---------- RECORDED DATA

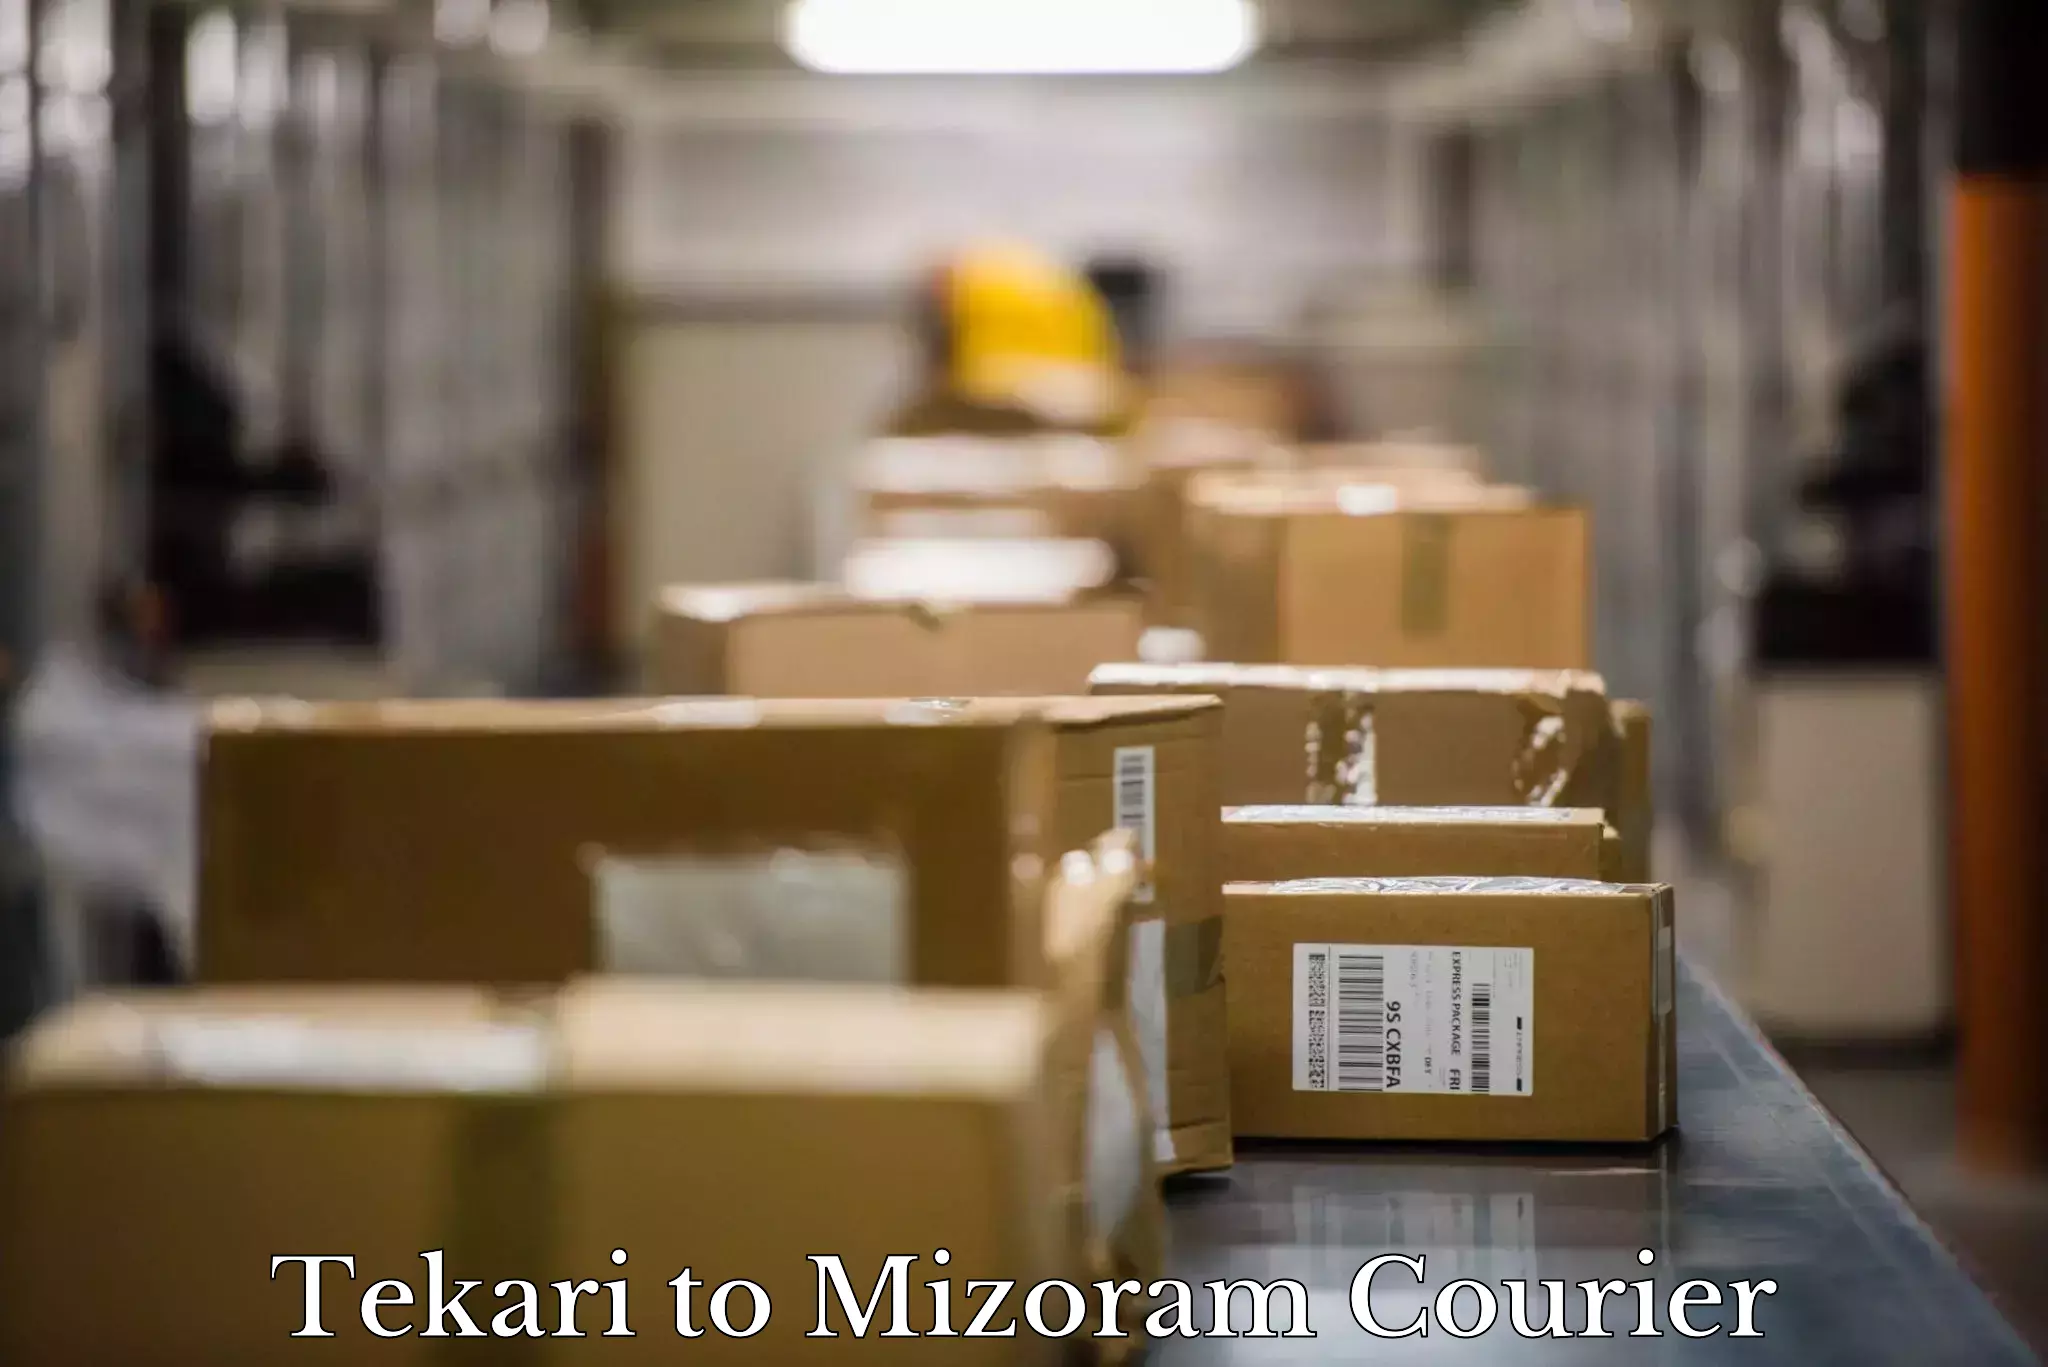 Expert household movers Tekari to Mizoram University Aizawl
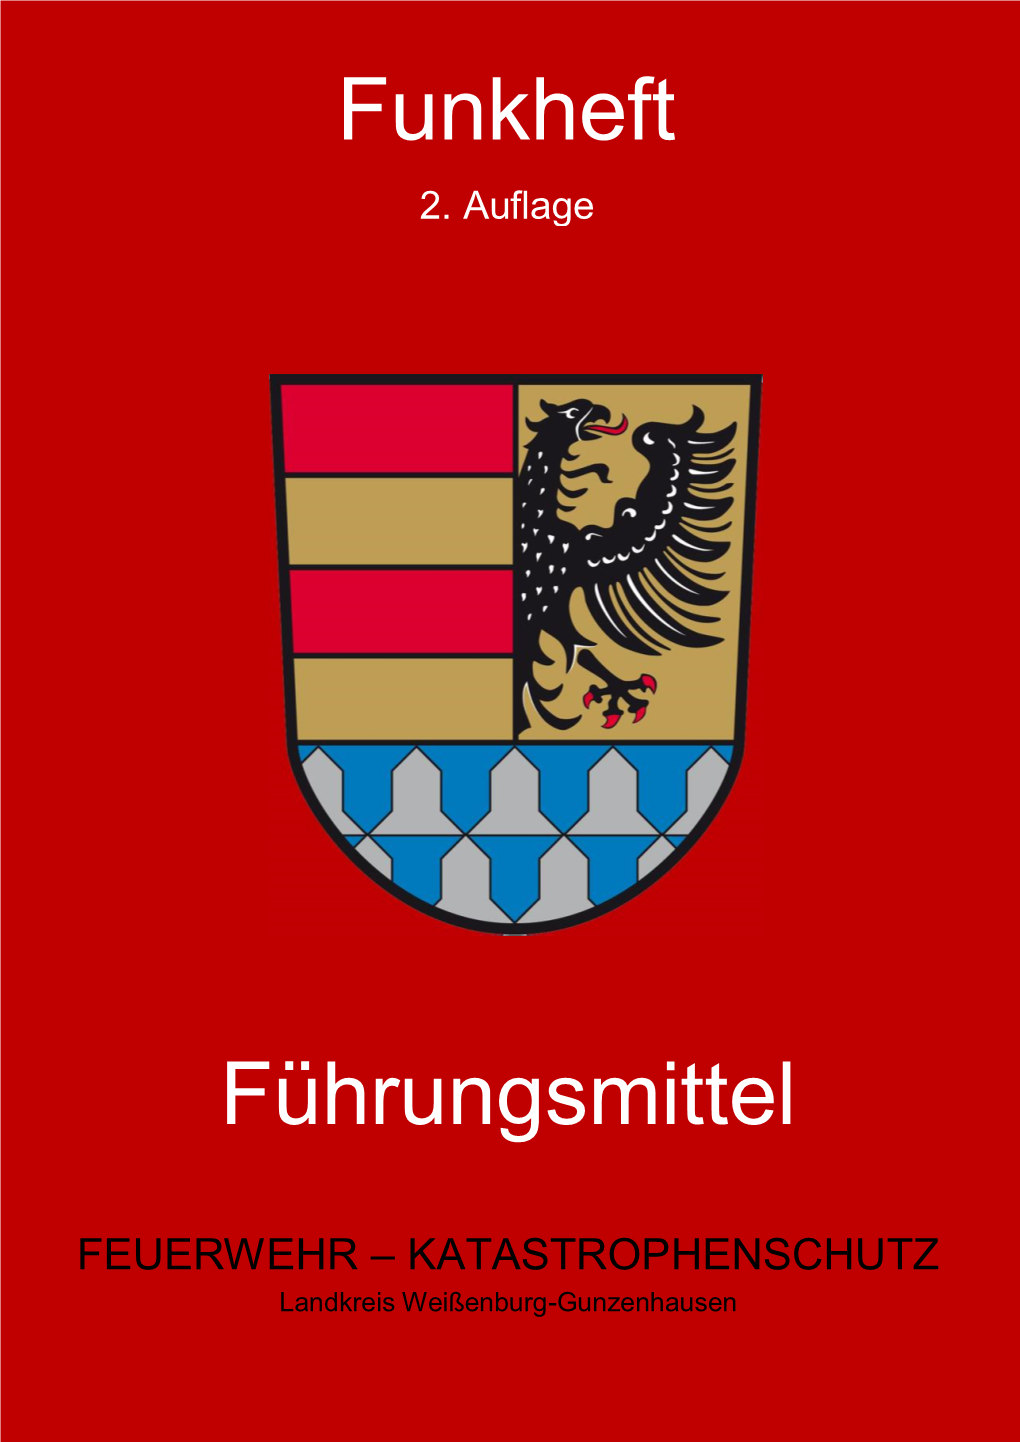 Funkheft Landkreis Weißenburg-Gunzenhausen
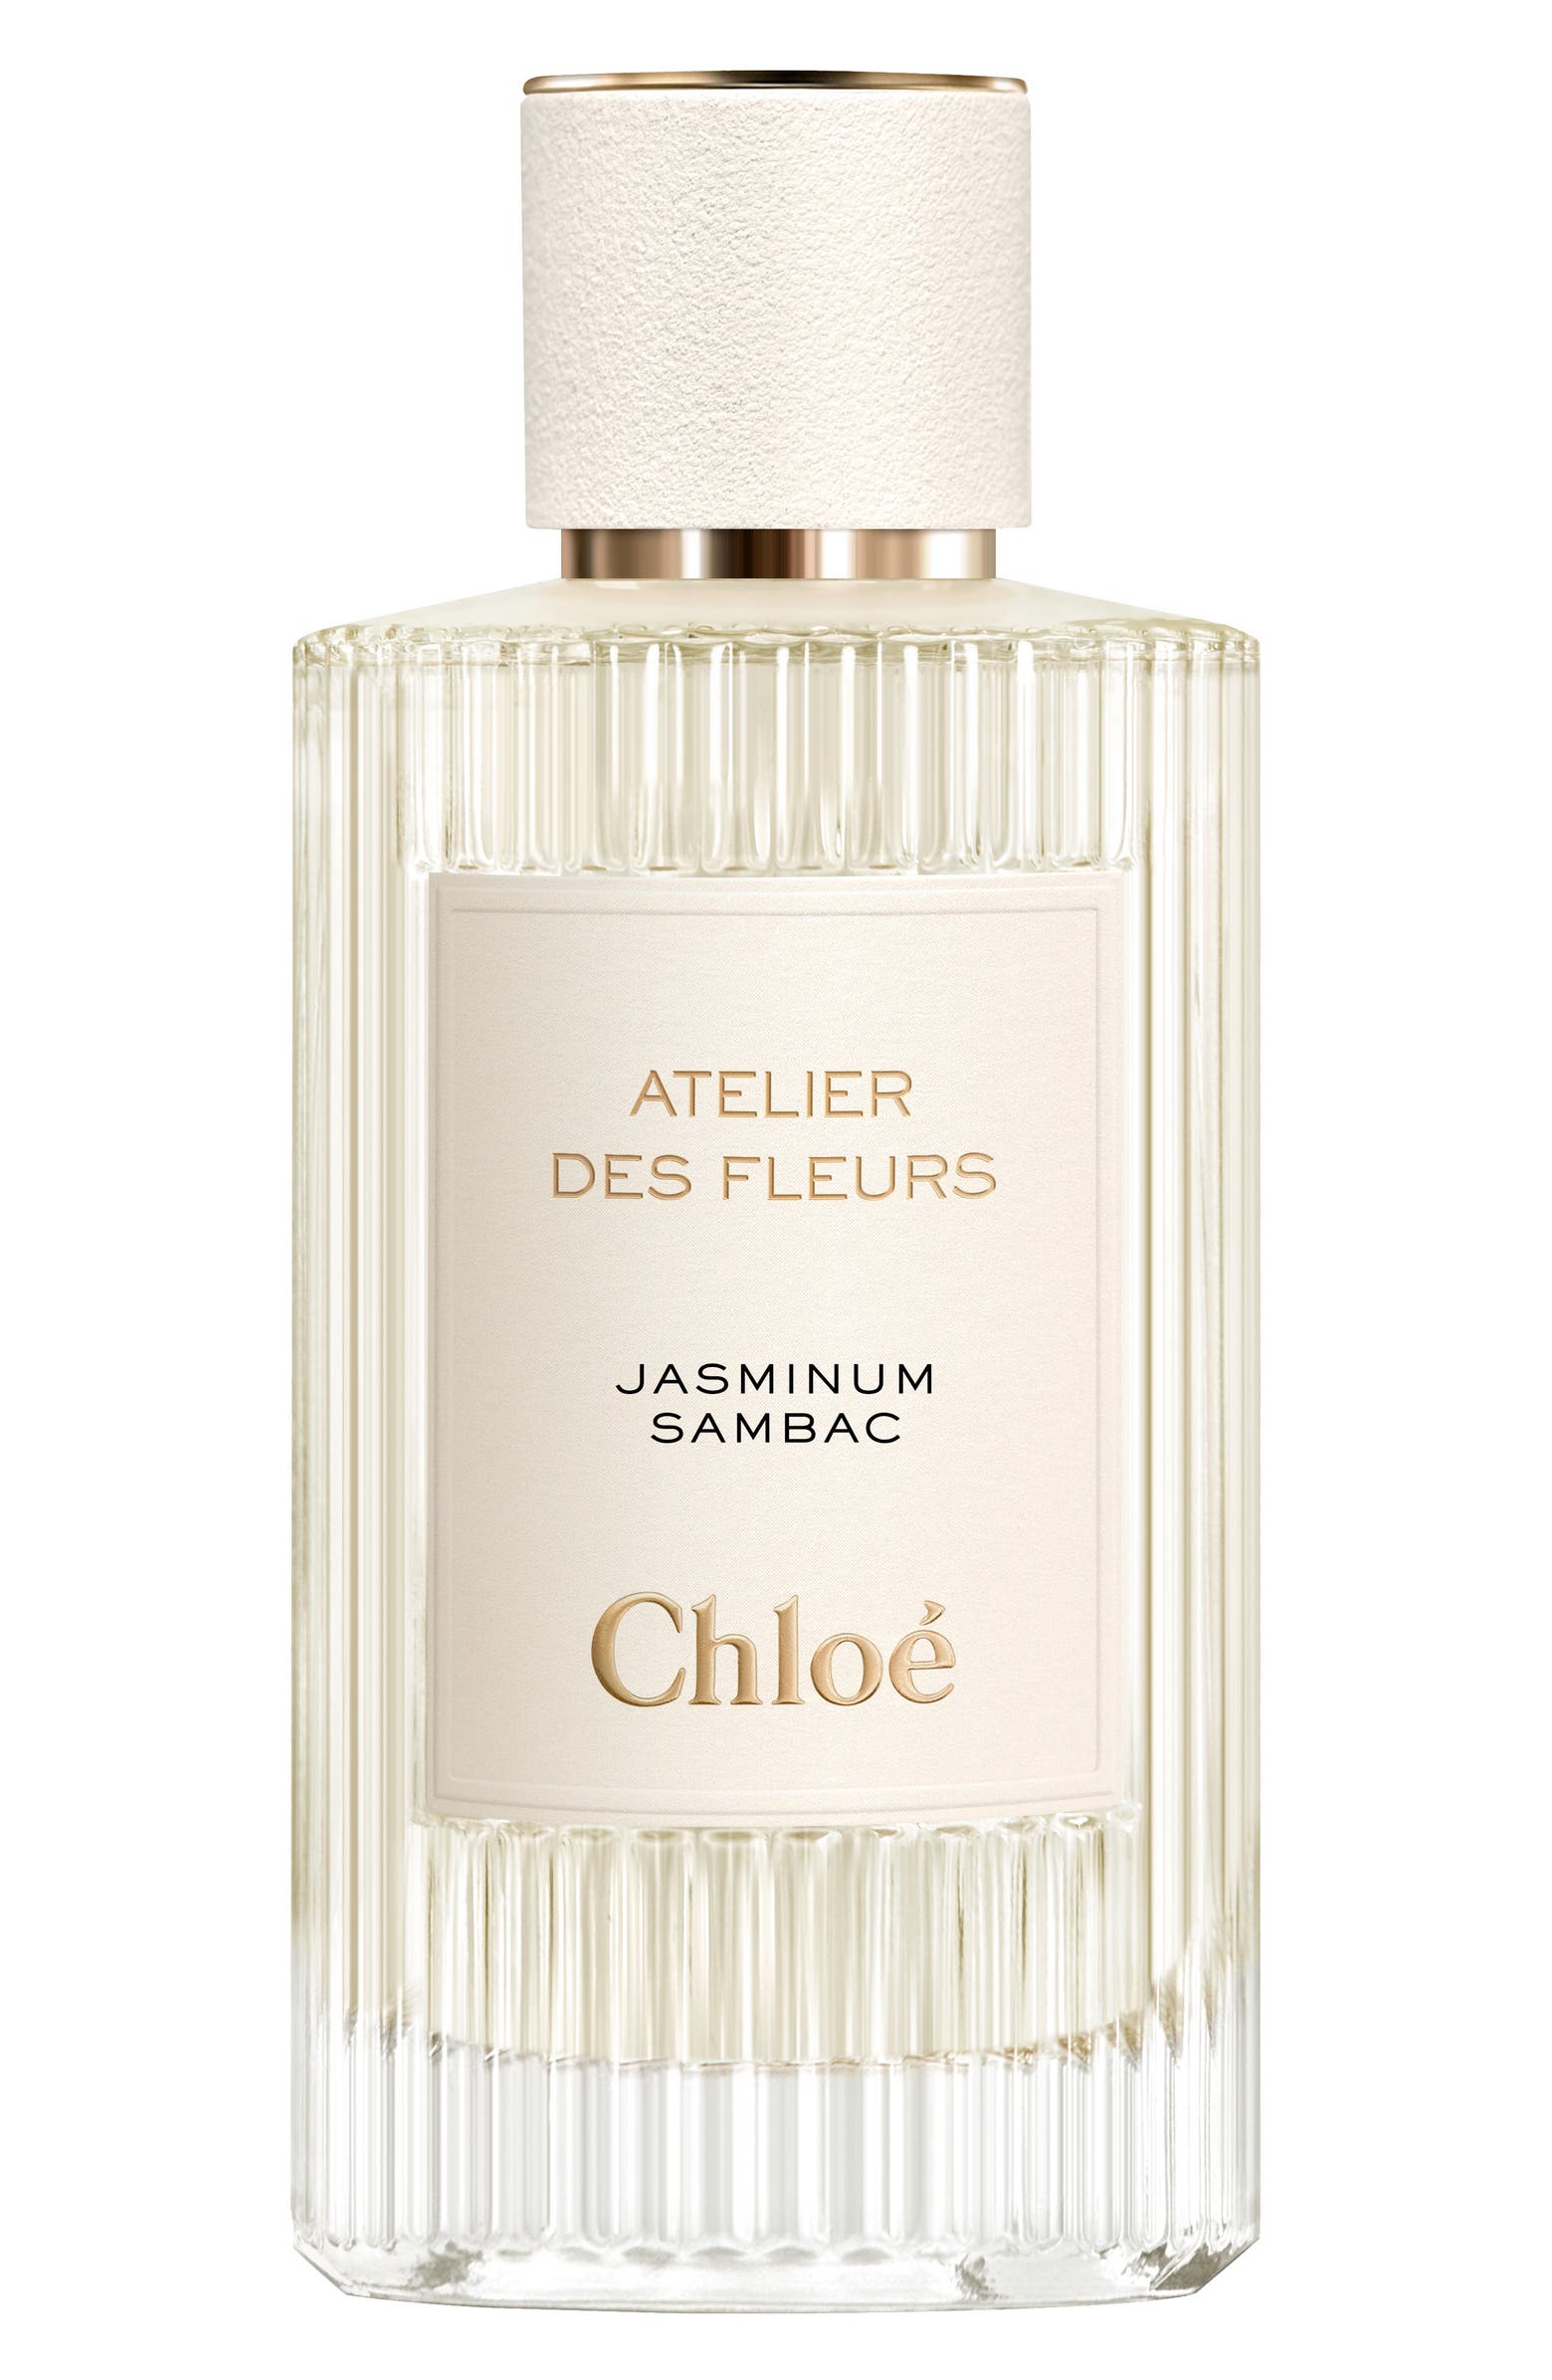 Chloé Atelier des Fleurs Jasminum Sambac Eau de Parfum (Nordstrom

--------------------

• REQUIRED ACTION
The expected output is the full material above, unaltered, with pictures removed.

• ANSWER BOX
 Expert household movers Tekari to Mizoram University Aizawl
 Funkheft Landkreis Weißenburg-Gunzenhausen
 Chloé Atelier des Fleurs Jasminum Sambac Eau de Parfum (Nordstrom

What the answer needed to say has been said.